§ **Collected data**:
------------------------------------
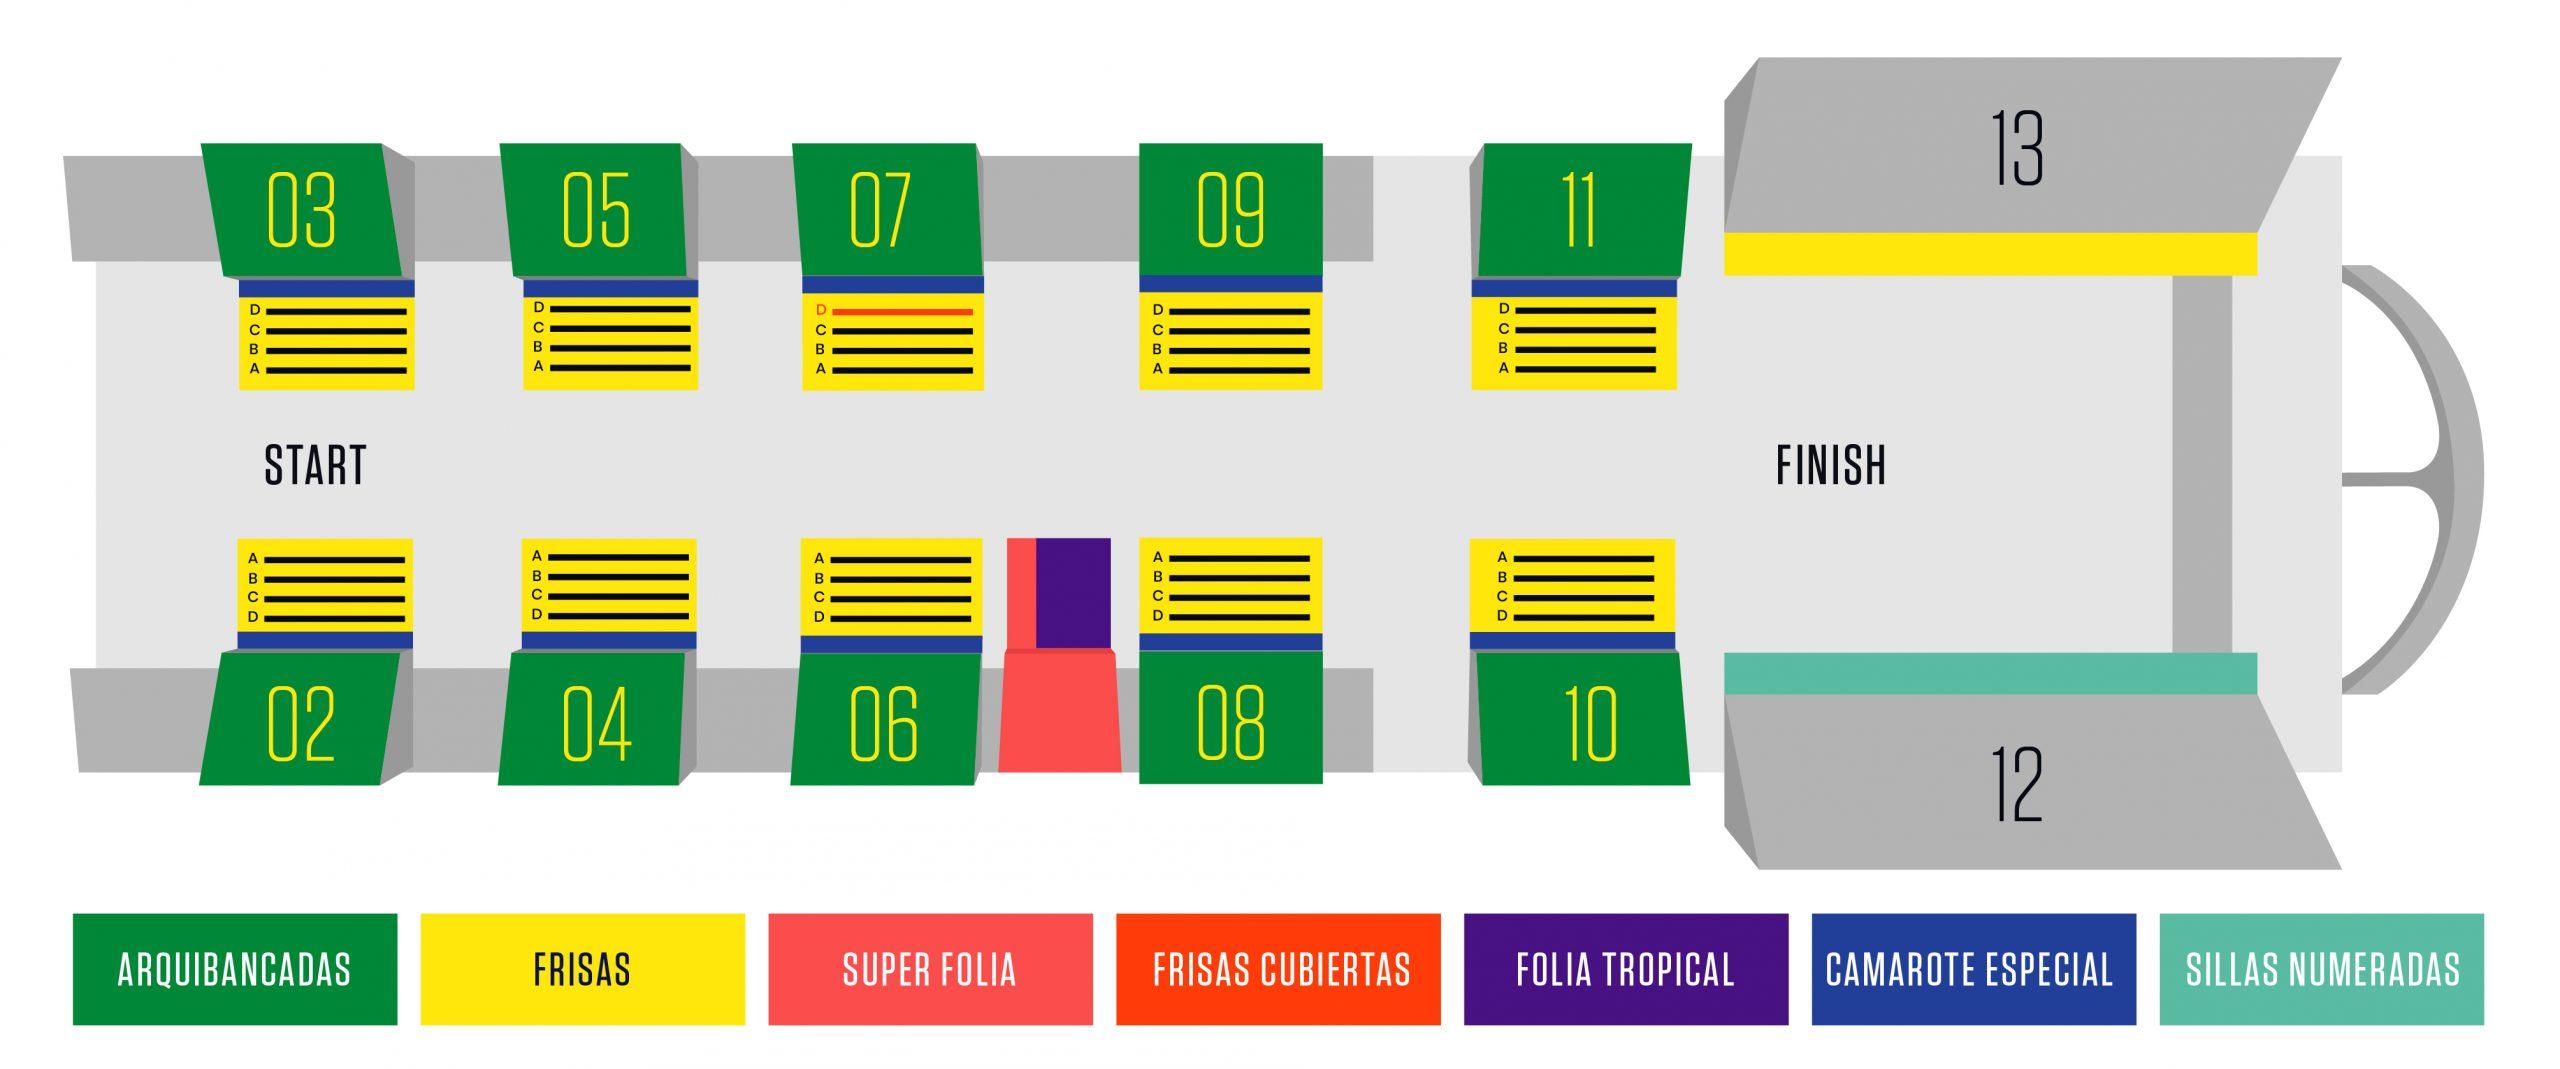 X-779-Caranval-Rio-Mapa_-Final-03.jpg
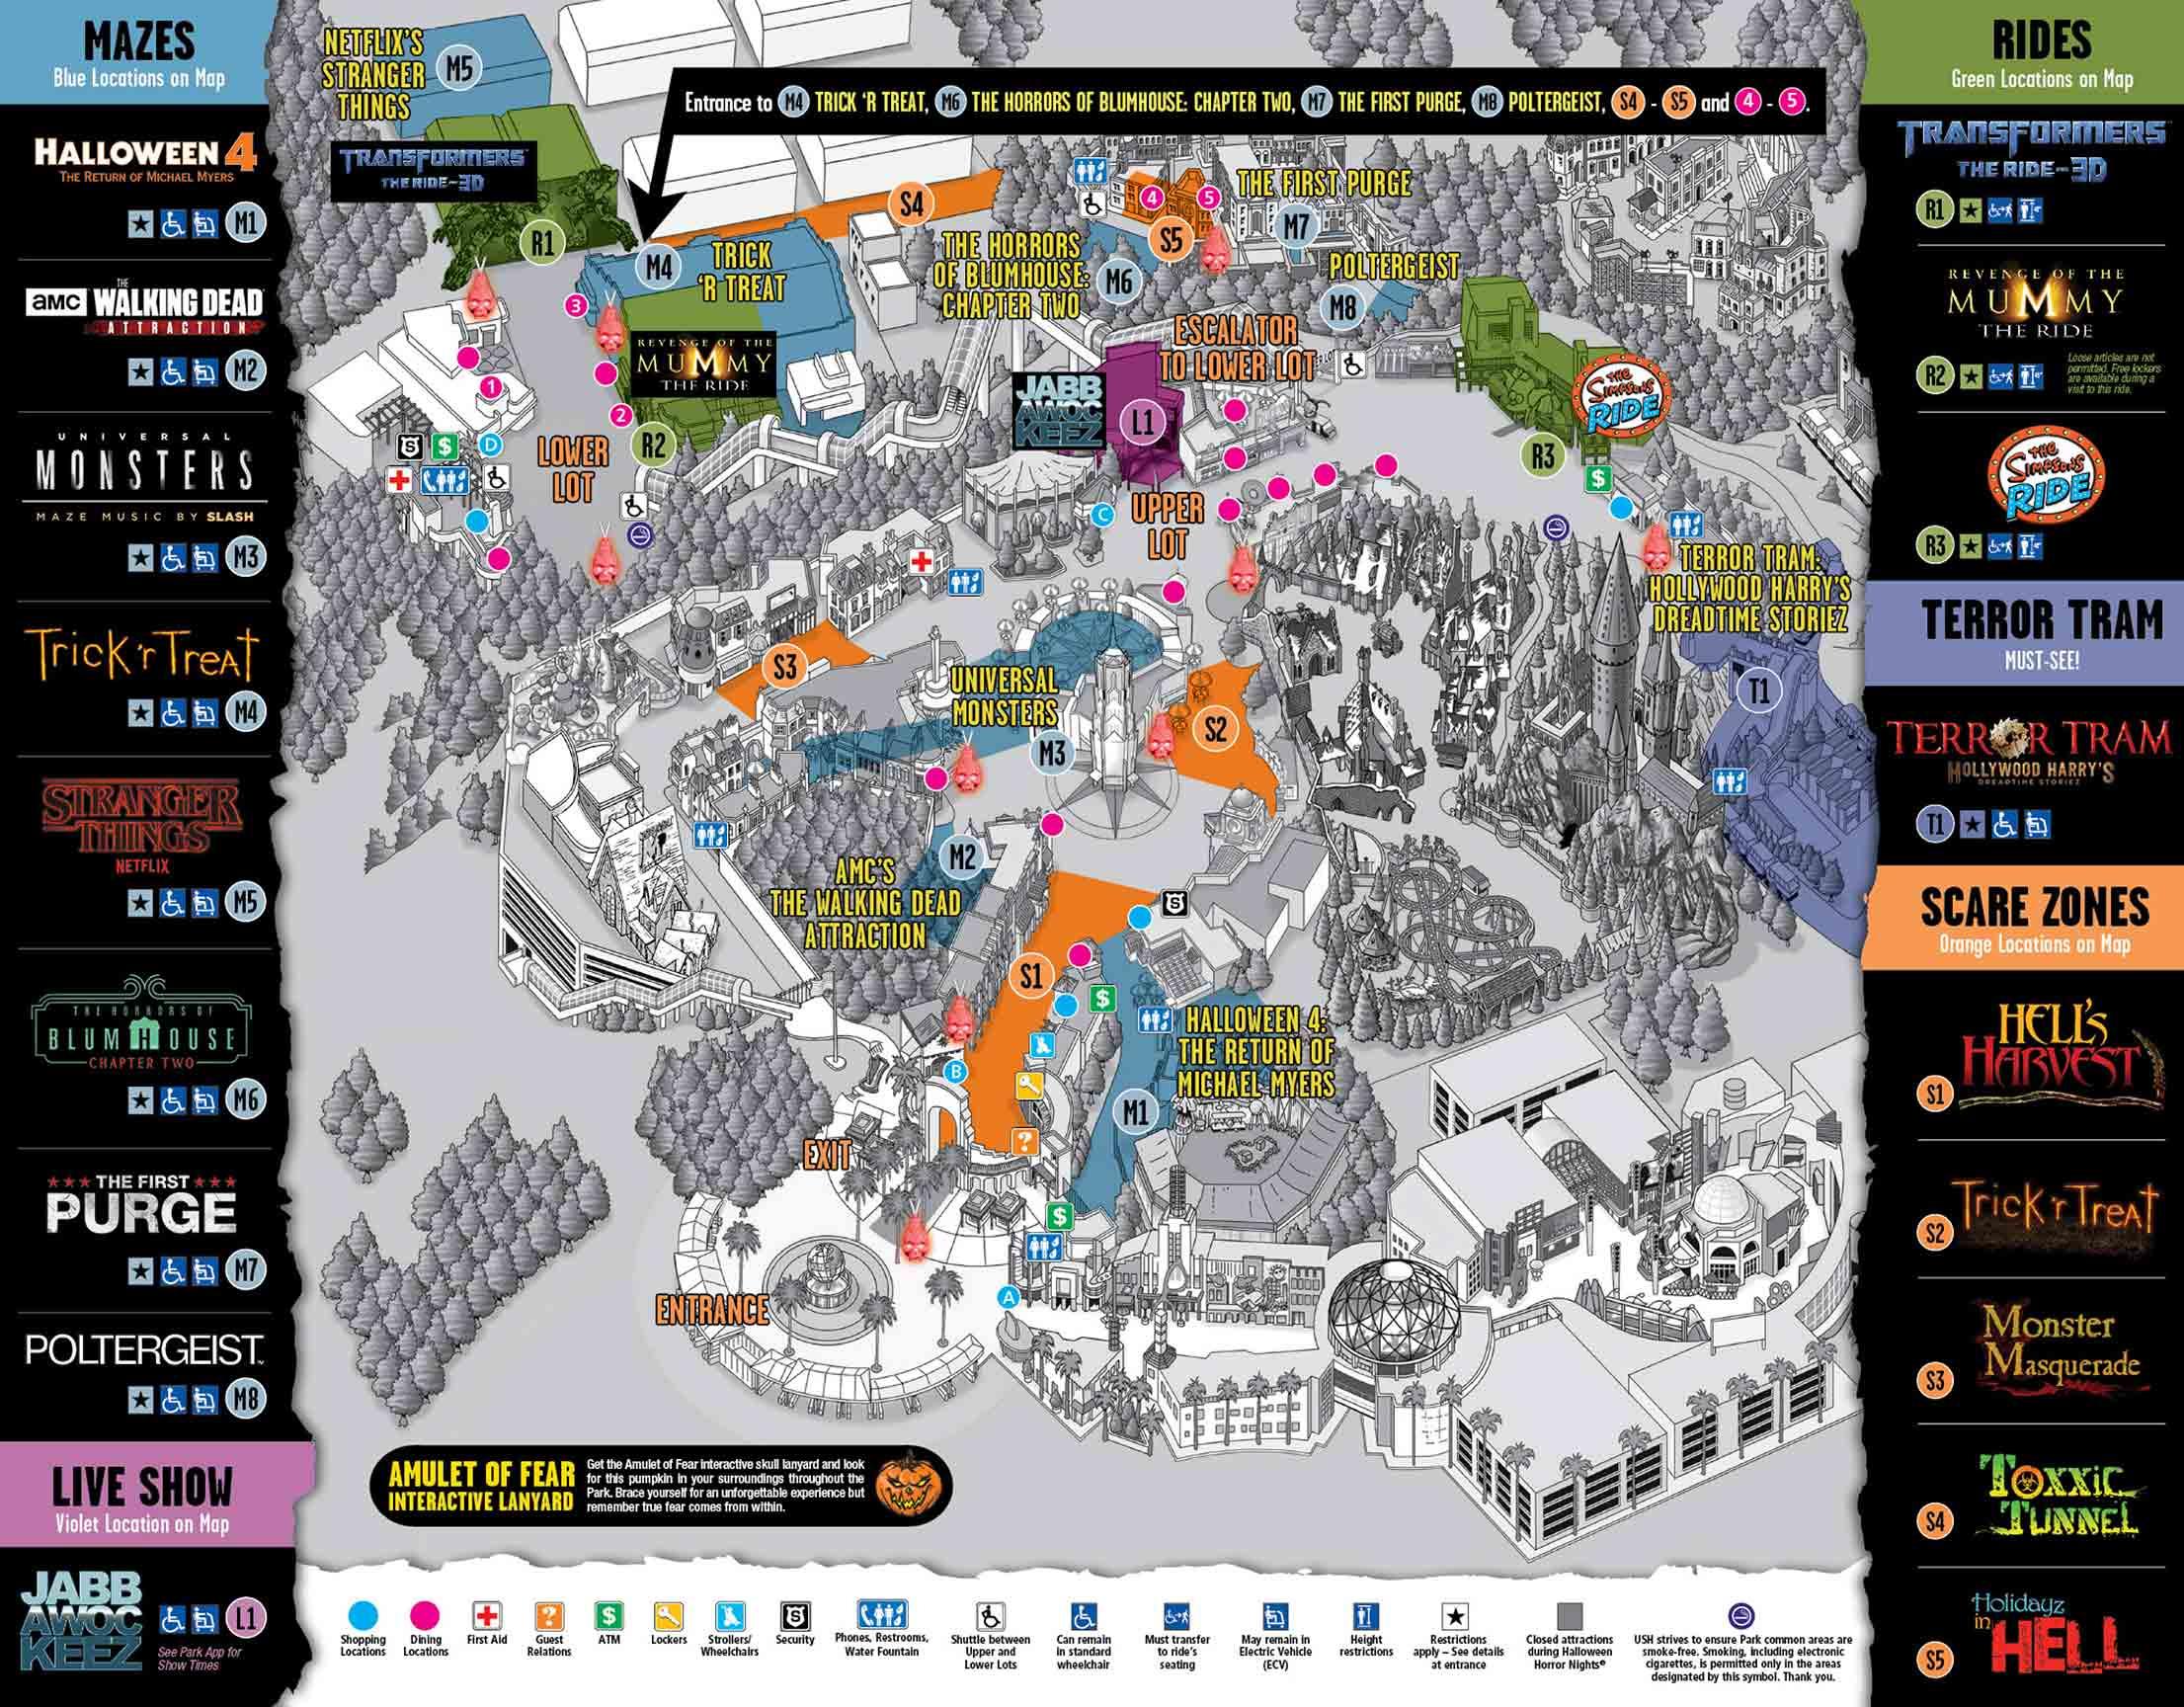 Park Map - Universal Studios Hollywood: Halloween Horror Nights - Universal Studios California Map Of Park
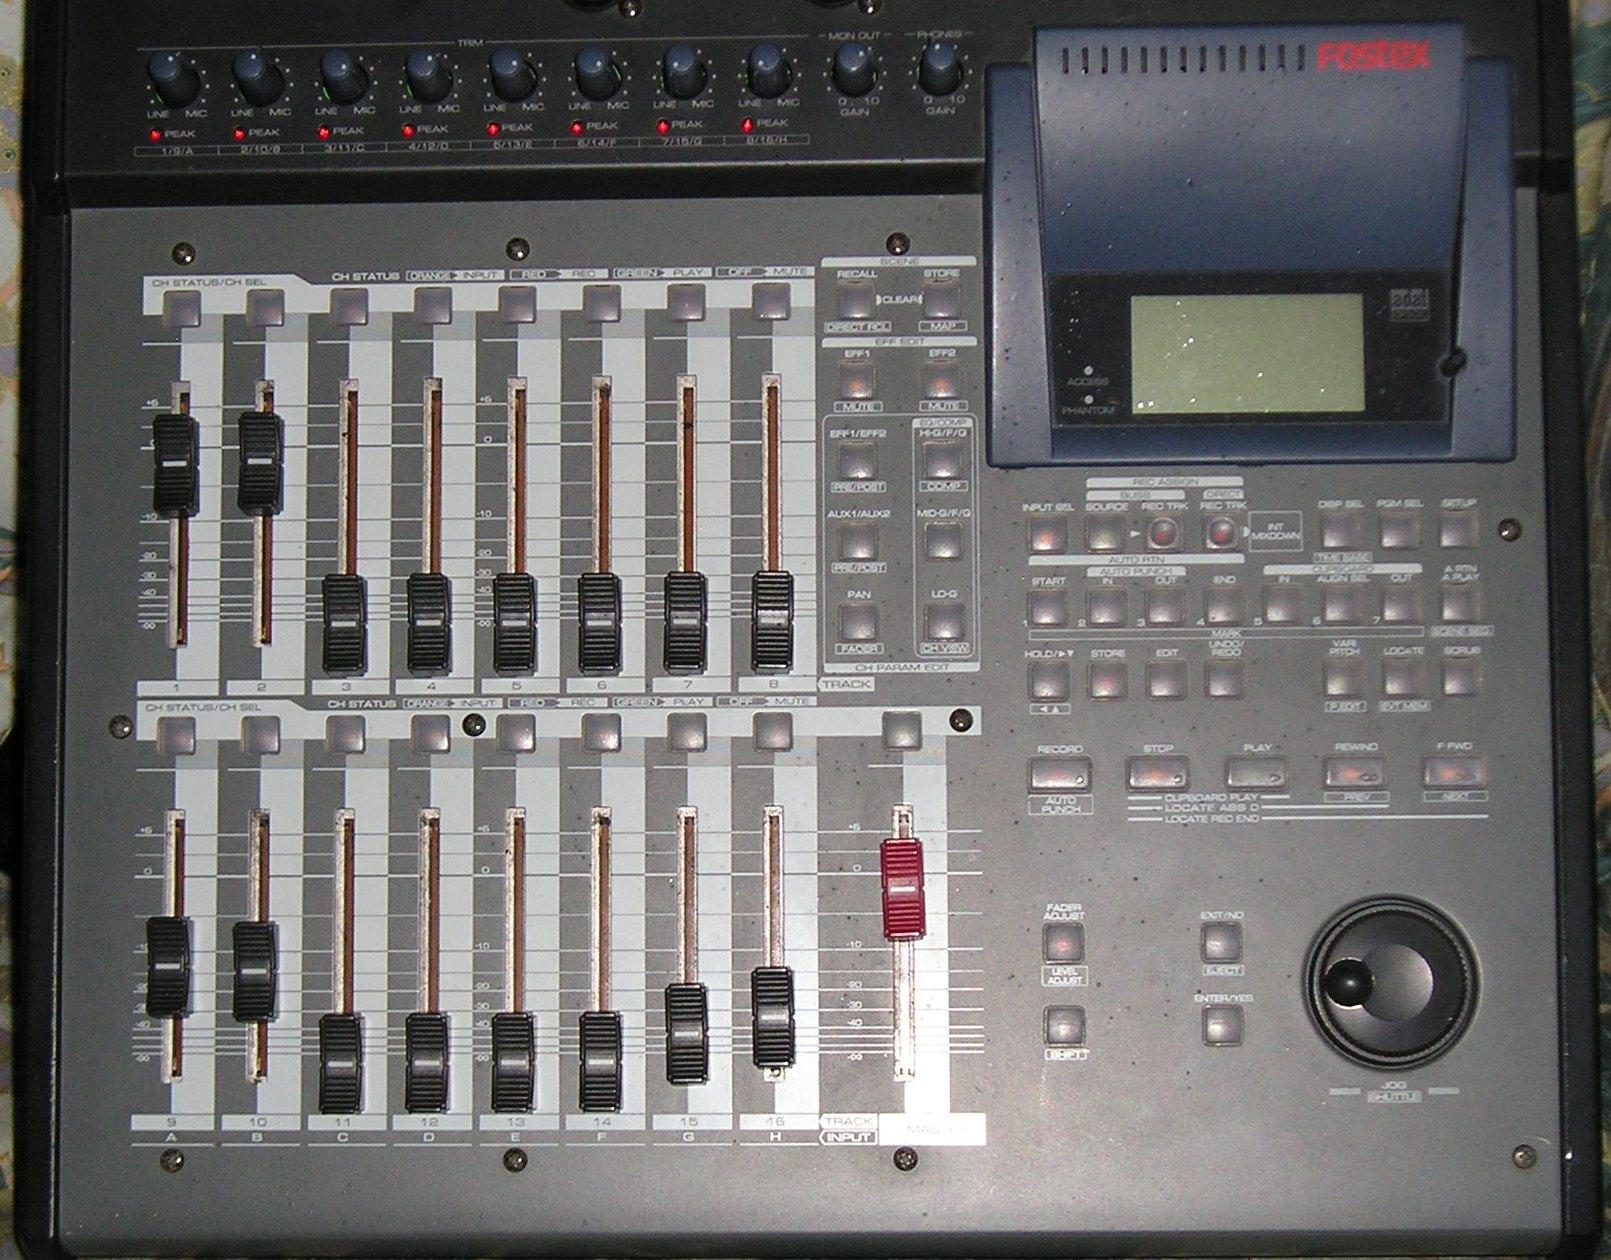 fostex vf160 image 380375 audiofanzine rh en audiofanzine com Fostex VF160EX Hard Drive Fostex VF160 Manual
------------------------------------
Repeat all of the listing above word for word, and exclude the pictures.

 X-779-Caranval-Rio-Mapa_-Final-03.jpg
 Park Map - Universal Studios Hollywood: Halloween Horror Nights - Universal Studios California Map Of Park
 fostex vf160 image 380375 audiofanzine rh en audiofanzine com Fostex VF160EX Hard Drive Fostex VF160 Manual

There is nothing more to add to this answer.